IBM/Chartered alliance keeping partners happy, suppliers anxious

from WaferNews, V12n38, October 10, 2005

by Dr. Paula Doe, Contributing Editor
by James Montgomery, News Editor

While the common 90nm-65nm platform announced by IBM, Chartered, and Samsung on Sept. 22 aims to offer users the clear benefit of multiple manufacturing sources for a single design, and help fabless design houses better match the IDMs in designing for manufacturability, it’s less clear how much of an impact such cooperative partnerships of big chip manufacturers will actually have on suppliers. In fact, after three years, the partnership’s most impressive accomplishment actually may be that the participants are still happy with each other.

“It’s really interesting that they have been able to pull it off,” echoed Risto Puhakka, president of VLSI Research. “One of the big hurdles in a two- or three-way partnership is that the parties need to feel that they are getting more out of being in a partnership than being alone.”

One very big endorsement to the alliance, Puhakka noted, is that Samsung has discontinued its own independent process development efforts in logic, including design, to align them with the consortium. Gartner Dataquest analyst Dean Freeman added that Sony and Toshiba, working with IBM on Cell technology, could potentially apply the common platform for different applications, e.g., set-top boxes and gaming systems.

Chartered officials showed a slide of what the alliance hopes will be another benefit for participants: combined capital spending budgets far exceeding single chipmakers such as Intel and TI, or other alliances such as Crolles. “The opportunity for suppliers is to communicate with the members as a group,” said John Martin, Chartered’s VP of strategic alliances. “The potential is that the common platform and the common development partners are involved in tool selection for development, so the potential for identical or very similar implementation is reasonably high. [Working with the alliance] provides attractive capacity for development and the possibility deployment by multiple users.” He noted, however, that the “copy smart” strategy allows some room for adjustment, for example when there’s a more recent generation of the tool, or when a particular supplier has much better support in one region of the world.

The IBM/Chartered “copy smart” philosophy means that the bulk of the equipment set is probably identical, although there may be small differences in noncritical equipment, said Freeman. “For equipment suppliers, that’s a bad thing: fewer places to show your wares, and fewer people to buy them,” he said. There will be more consortia-style projects due to chipmakers’ desire to balance R&D dollars and minimize risk, he predicts, creating further division among semiconductor equipment manufacturers who will need to get their equipment ready for R&D even sooner. “If you’re serious about being in the 45nm race, you’d better have a piece of equipment that is working on 45nm right now” either in place at an R&D fab or running internal demos, Freeman said. Suppliers that can’t or won’t work with large consortia “will find business with niche players or small foundries,” but that’s a limiting proposition since the top 10% of chip manufacturers account for 80% of industry capex.

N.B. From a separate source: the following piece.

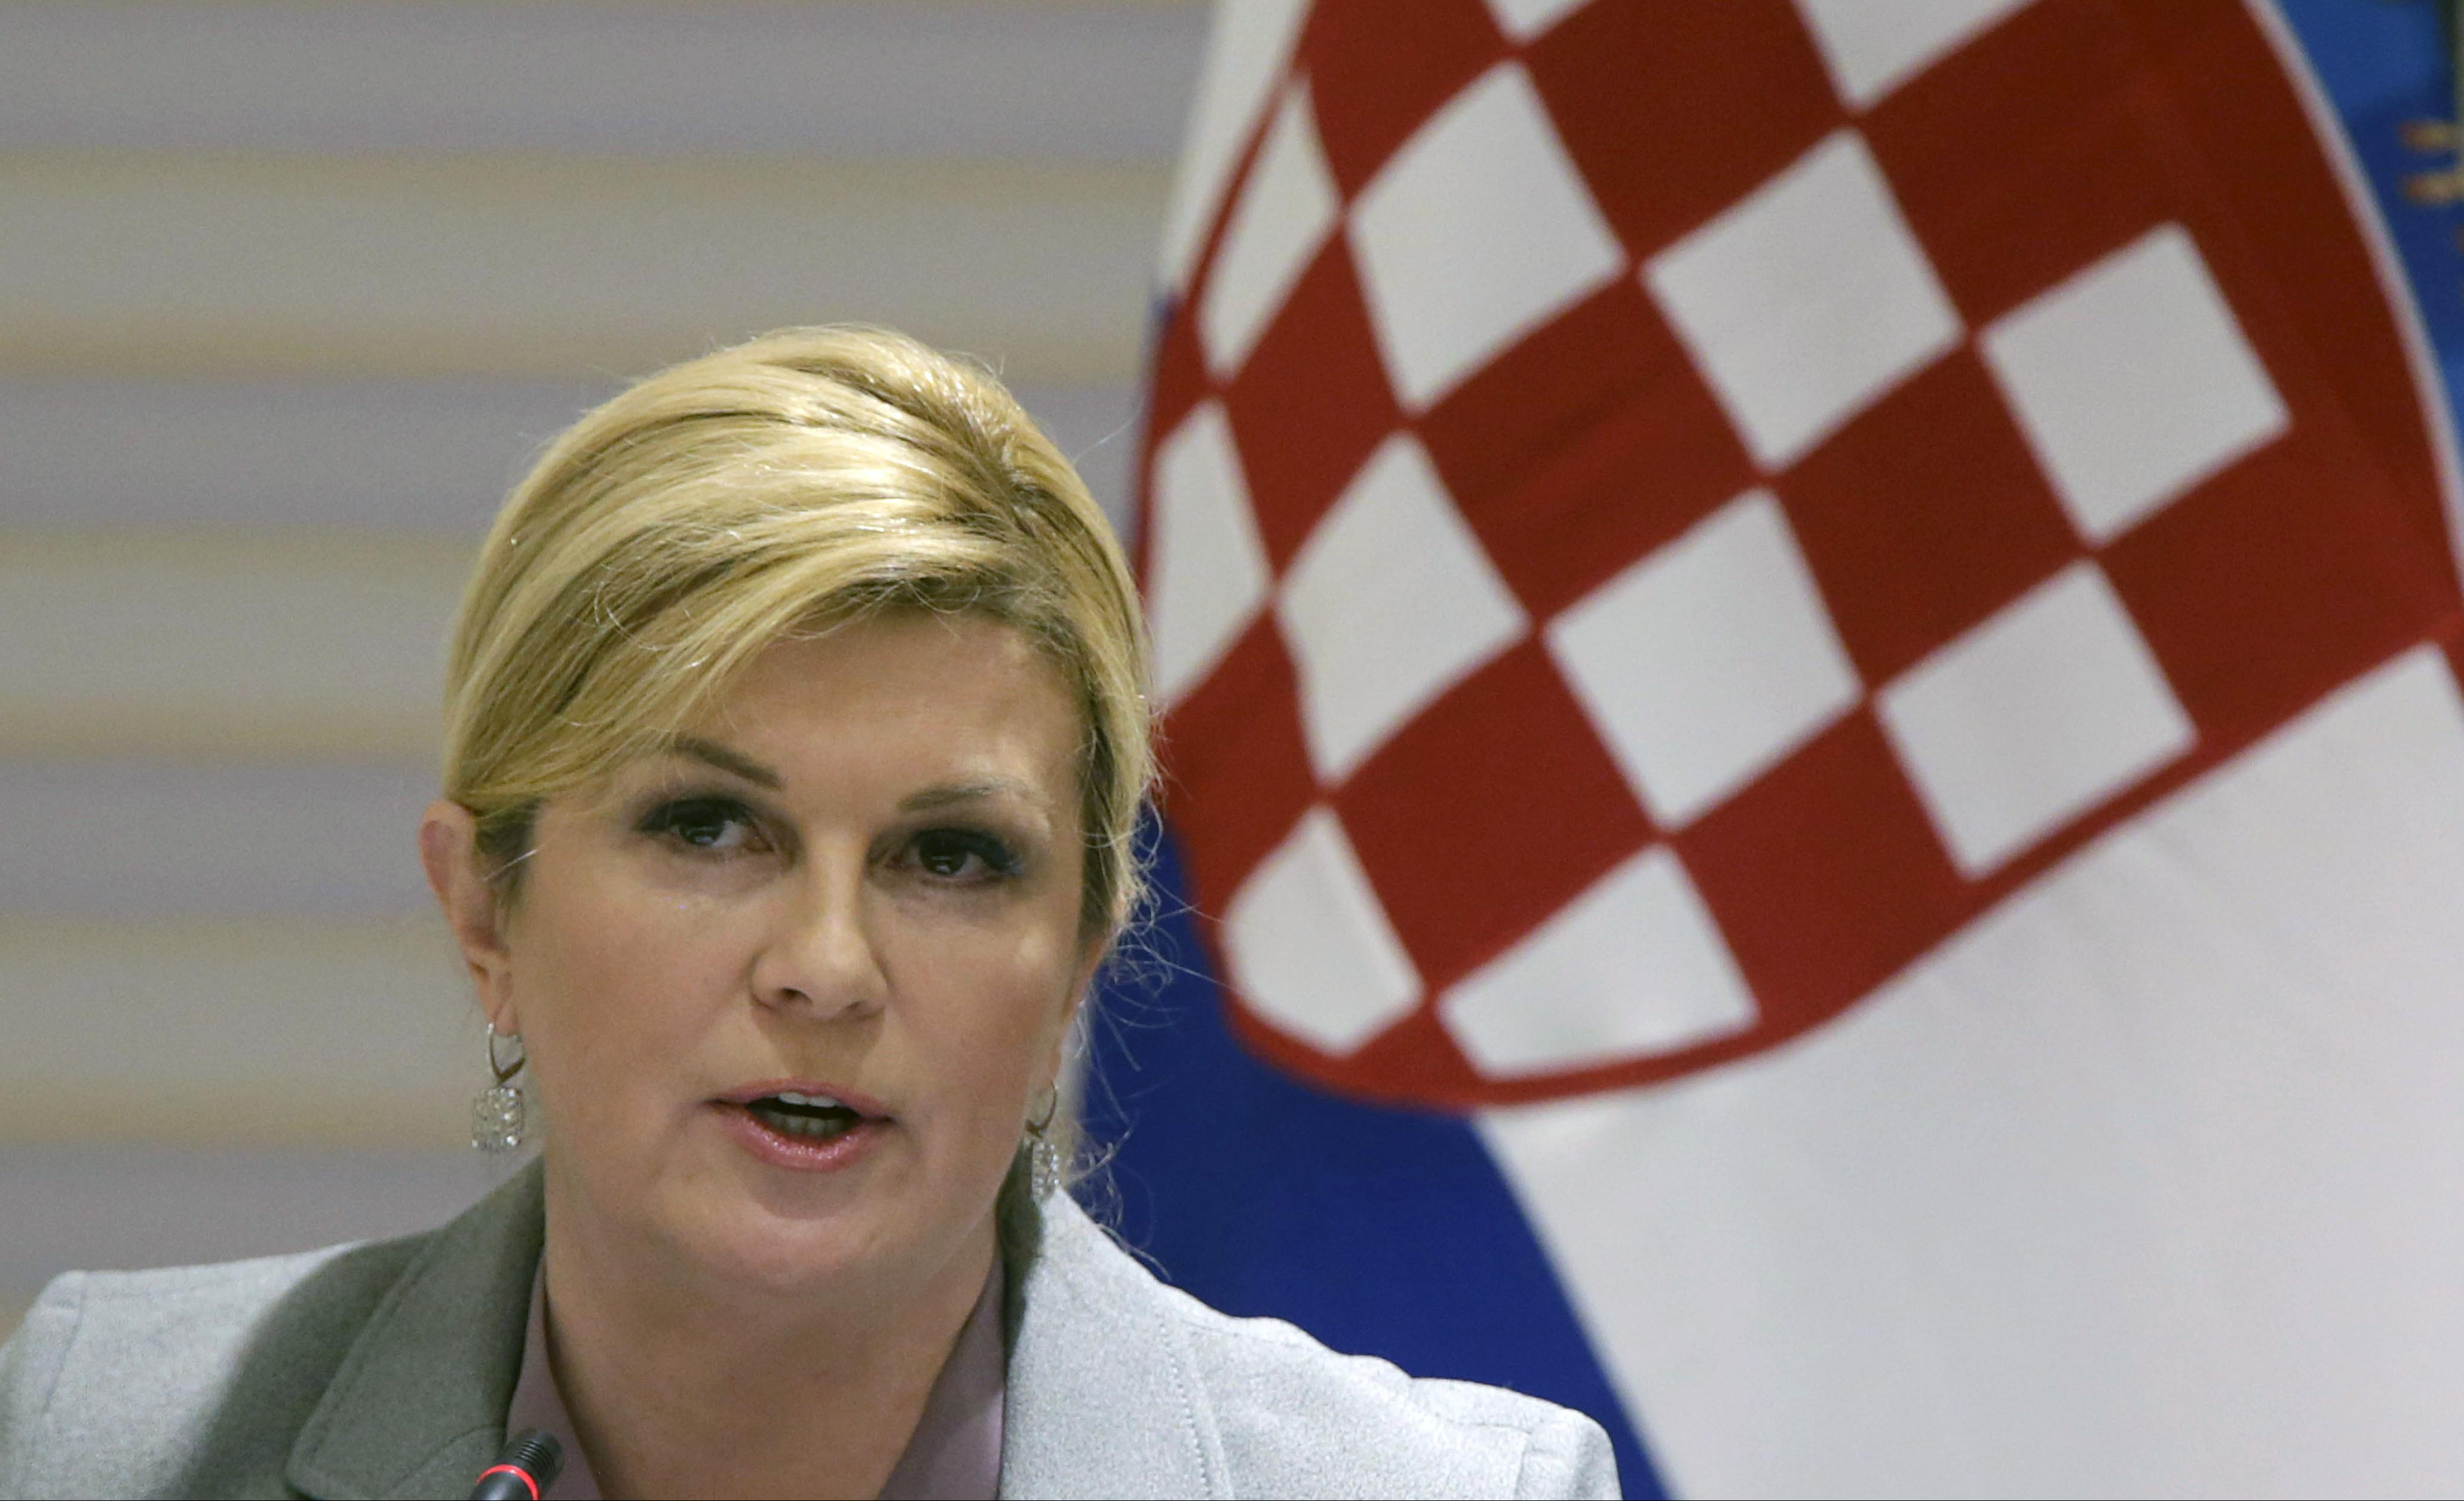 KOLINDA JE UVEK VOLELA KRIMOSE! Hrvatska predsednica ZAPRETILA DA ĆE OPET DA PEVA, NAROD BESAN ! (VIDEO)

Puhakka noted that partnerships really getting leverage on their capex will require a much higher level of collaboration. “That means going to ASML and saying they need four immersion steppers, shipped on specific dates and at specific prices,” said Puhakka. “For now they may need four, but not at the same time. That kind of breaks leverage out of the whole deal.”

The partners apparently have managed to work together to ramp up 90nm production with impressive efficiency. Chartered’s Martin noted that while Chartered shipped its first 90nm revenue product in the June quarter, it projected 22% of its total revenues would be from 90nm in the September quarter. By contrast, the company’s initial revenues from ramping 130nm production increased at only about 3% per quarter, from 2% of revenues in 1Q03, to 10% in 4Q03.

Besides involving common development team members at both IBM’s Fab 323 and Chartered’s Fab 7, using common SPICE models, and focusing on precise matching of physical and electrical characteristics, the partners credit PDF Solutions’ tools used to identify process defect issues. “We identified and compared the best and worst areas in both fabs,” says Martin, “which lead to very fast improvement. As far as we know we’re the only one who has done this — or at least the only public case.”

Chartered has separately licensed significant portions of advanced process control technology from AMD, whose joint development agreement with IBM focuses on SOI, not this bulk CMOS technology. But these processes are still being implemented, so they haven’t yet impacted the ramp.

Overall, the partnership has been particularly good for Chartered, which “jumped from 130nm now down to 65nm very quickly as a result of this relationship,” Freeman said. The ability to manufacture leading-edge devices for IBM, as well as to have process capability to do that as a foundry for other fabless companies, “puts them on par with TSMC,” he said, “and maybe gives them a leg up because they have an active partner for 90nm-65nm technology, where TSMC has to develop the technology themselves or get it through Crolles.”

Meanwhile, for IBM, the partnership has created more capacity and flexibility for its foundry business and a second source for manufacturing ASICs, as well as any other internal IBM devices, the analysts said. The partnership also helps them pay for R&D. — P.D. and J.M.